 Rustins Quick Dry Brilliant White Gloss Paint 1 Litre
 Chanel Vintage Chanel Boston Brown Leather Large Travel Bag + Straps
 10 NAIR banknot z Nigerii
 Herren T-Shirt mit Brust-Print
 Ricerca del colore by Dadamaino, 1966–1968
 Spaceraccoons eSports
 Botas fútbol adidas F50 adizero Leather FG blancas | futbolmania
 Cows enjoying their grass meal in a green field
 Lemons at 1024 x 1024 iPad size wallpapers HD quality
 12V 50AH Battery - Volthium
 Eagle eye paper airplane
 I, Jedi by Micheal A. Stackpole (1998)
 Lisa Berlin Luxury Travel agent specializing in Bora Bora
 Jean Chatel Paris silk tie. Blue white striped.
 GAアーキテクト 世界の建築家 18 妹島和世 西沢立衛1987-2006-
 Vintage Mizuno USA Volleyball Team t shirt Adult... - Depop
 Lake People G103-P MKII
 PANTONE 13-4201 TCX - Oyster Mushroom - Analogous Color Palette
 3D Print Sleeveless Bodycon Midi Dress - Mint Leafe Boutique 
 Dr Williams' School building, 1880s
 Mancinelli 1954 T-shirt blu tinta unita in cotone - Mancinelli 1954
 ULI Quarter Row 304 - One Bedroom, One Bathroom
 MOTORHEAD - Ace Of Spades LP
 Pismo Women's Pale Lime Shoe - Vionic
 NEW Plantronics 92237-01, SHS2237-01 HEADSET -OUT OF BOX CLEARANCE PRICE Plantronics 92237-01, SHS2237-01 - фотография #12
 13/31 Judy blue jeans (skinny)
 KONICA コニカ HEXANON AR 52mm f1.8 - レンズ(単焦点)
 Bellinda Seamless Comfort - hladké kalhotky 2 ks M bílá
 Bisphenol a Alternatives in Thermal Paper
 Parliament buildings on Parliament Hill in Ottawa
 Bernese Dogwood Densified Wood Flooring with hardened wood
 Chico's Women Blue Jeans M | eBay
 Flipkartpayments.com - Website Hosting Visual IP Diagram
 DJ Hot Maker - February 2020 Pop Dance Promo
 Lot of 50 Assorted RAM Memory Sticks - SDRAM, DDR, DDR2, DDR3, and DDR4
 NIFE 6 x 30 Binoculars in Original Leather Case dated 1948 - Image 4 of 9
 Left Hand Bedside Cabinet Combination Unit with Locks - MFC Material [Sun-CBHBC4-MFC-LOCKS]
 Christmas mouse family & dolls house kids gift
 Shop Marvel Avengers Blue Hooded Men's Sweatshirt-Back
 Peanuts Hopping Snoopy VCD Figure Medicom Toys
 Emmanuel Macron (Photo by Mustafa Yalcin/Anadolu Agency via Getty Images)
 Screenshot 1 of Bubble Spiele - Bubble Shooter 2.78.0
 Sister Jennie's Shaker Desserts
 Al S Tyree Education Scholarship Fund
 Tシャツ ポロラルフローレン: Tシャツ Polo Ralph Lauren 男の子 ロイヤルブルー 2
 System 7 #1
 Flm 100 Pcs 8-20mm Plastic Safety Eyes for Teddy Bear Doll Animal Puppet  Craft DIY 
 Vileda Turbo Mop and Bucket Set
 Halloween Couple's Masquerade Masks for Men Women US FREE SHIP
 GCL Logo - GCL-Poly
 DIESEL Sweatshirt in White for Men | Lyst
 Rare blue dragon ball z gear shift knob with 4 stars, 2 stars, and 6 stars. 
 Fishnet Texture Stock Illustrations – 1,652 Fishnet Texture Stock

--

▶ [TASK BRIEF]: Go through the lines above and count those with "Sweatshirt"; report only the number.

▶ [TASK RESULT]: 2